Все роптали, но Фен была привычна к неудобствам, и они почти не волновали ее. Отец взял ее с собой в лес, когда ей было одиннадцать, а даже самый опытный охотник порой возвращается с пустыми руками или оказывается застигнут непогодой. Недостаток пищи и холод были для нее обыденностью. Это и отличало ее от изнеженных горожан, которые впадали в отчаяние, случись им остаться без обеда, и считали, что ночь, проведенная без одеяла, сведет их в могилу. Большинство людей ходили привычными путями, не осмеливаясь и на сто шагов отдалиться от безопасных мест. А освободиться от этих ограничений значило открыть для себя целый мир.

Боль проходит. Голод проходит. Все проходит со временем.

Она с унылым безразличием оглядела привал. Ее спутники еще лежали, укутавшись в одеяла и свернувшись калачиком для тепла. Скирда спала на впалом животе Вики. Лишь Гаррик бодрствовал, сидел на страже, привалившись спиной к одному из выступов. Их взгляды встретились, потом Гаррик отвел глаза.

Когда Фен впервые встретила его, он назвался Лейном из Верескового края и в его глазах полыхало пламя мятежа. Он научил ее, как досадить врагам, выжившим ее из дому. Теперь он носил другое имя и был иным человеком: злым, резким, раздражительным, а иногда жестоким. Кто-то из Железной Длани посчитал необходимым отправить за ним вдогонку страхоносцев. Но кто именно, она не знала.
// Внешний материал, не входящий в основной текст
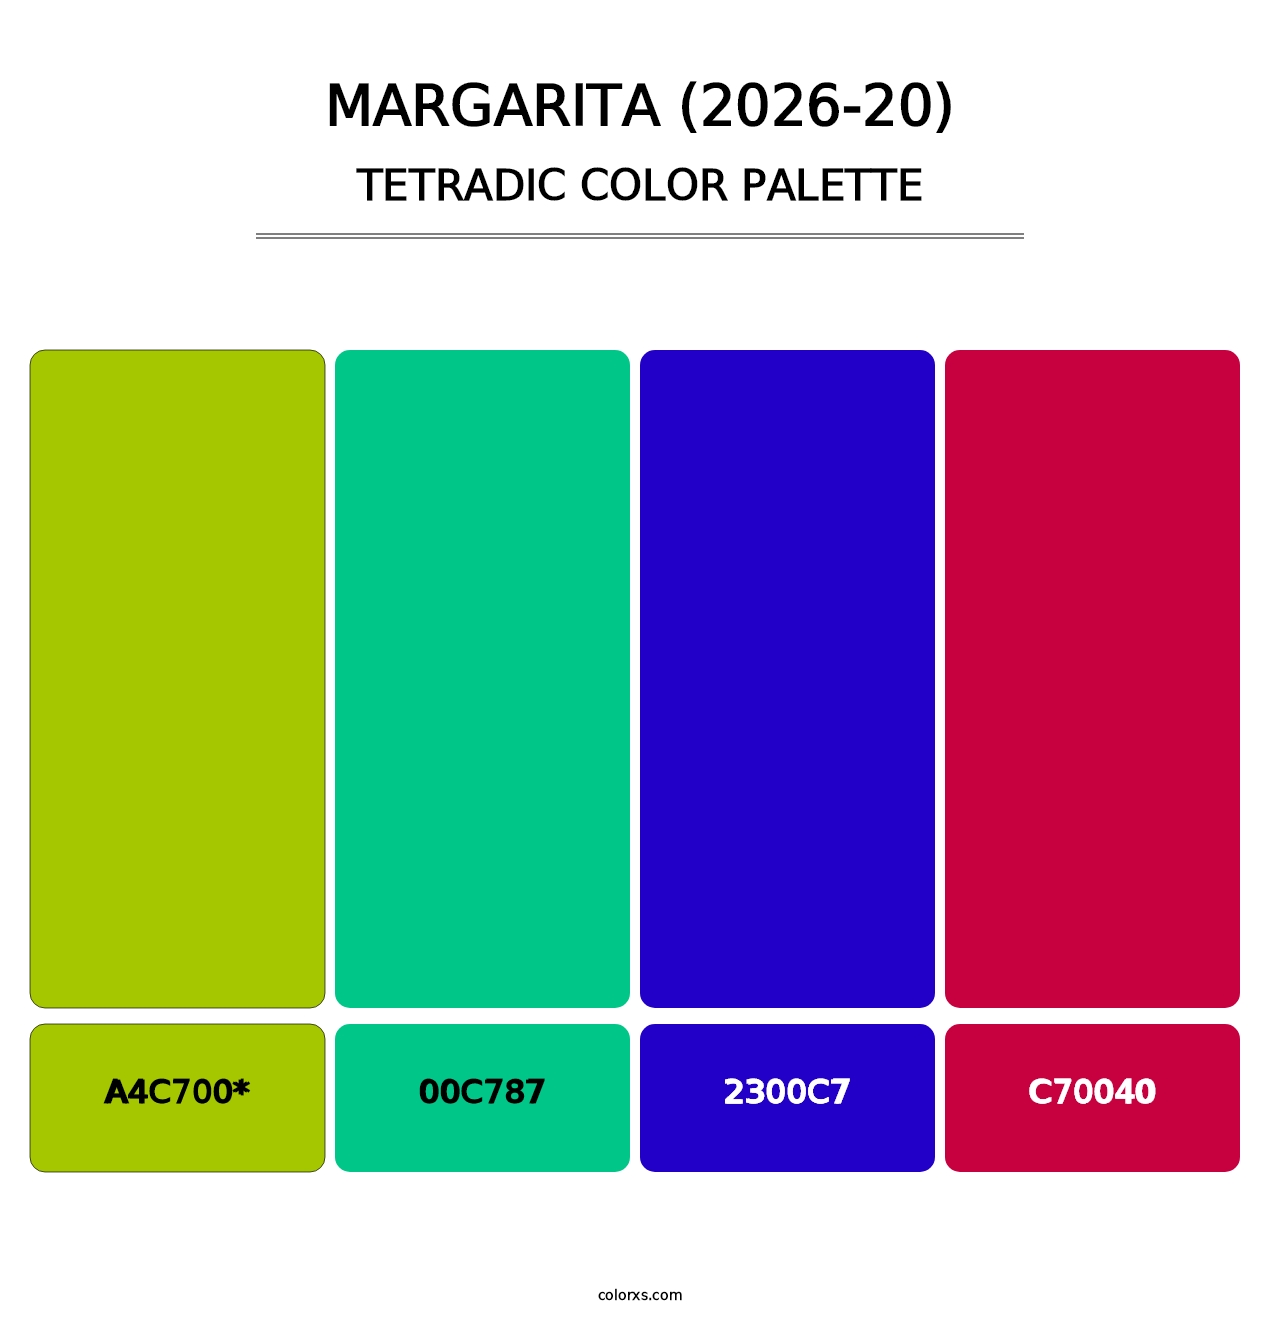 Margarita (2026-20) - Tetradic Color Palette

После Солт-Форка все пошло не так. Заход в Саллерс-Блафф повлек за собой сплошные бедствия. Намерение Гаррика захватить Пламенный Клинок, дерзкое и бесстрашное, если взяться ввосьмером, выглядело полнейшей глупостью, когда их осталось всего трое. Но он упрямо не желал свернуть с пути. Даже если Ярин проберется к ним с нужными сведениями, даже если Мара окажется такой гениальной, как говорит Гаррик, силы их ничтожно малы. То, что прежде выглядело достойной восхищения отвагой, теперь смахивало на слабоумие.

Ее взгляд упал на Арена, зарывшегося в ворох одеял. Его лицо еще было опухшим и бледным, но синяки уже заживали благодаря мази друидессы. Синяки, оставленные Гарриком.

Ее отец был прав. Никогда ни на кого не полагайся. Подведут.

Фен поднялась, сбросила одеяло, отыскала лук и заплечный мешок.

— Пойду разведаю дорогу, — сказала она, проходя мимо Гаррика.

Гаррик понимающе буркнул и ничего не сказал. После той стычки он говорил мало и не встречался взглядом с Ареном. Заглядывать людям в душу не было сильной стороной Фен, но она догадывалась: Гаррик понял, что перегнул палку. Во всем его облике чувствовались досада и стыд. Даже Киль смотрел на него по-другому.

Она подозревала, что он просто тянет время, пока они доберутся до какого-нибудь безопасного места и он сможет сбросить с себя обузу, выполнив давнюю клятву. Тогда Арен уйдет, а с ним Кейд, Граб и, вероятно, друидесса. После чего их снова станет трое.

Слишком мало.

Она направилась на восток, к горному кряжу, где серое небо у горизонта наливалось синевой. Если повезет, оттуда перед ней откроется дальнейший путь; во всяком случае, можно будет понаблюдать за рассветом. За «каждодневным чудом», как говорил ее отец, когда на его устах еще было место радости.

Ей стоило бы покинуть отряд после Солт-Форка. Стоило давным-давно пойти собственной дорогой. Но ведь мир так широк, и в нем столько людей. Она же никого не знала и не умела заводить друзей. Единственный дом, который у нее был, оказался для нее потерян. Выжить в этом мире она могла, а вот жить…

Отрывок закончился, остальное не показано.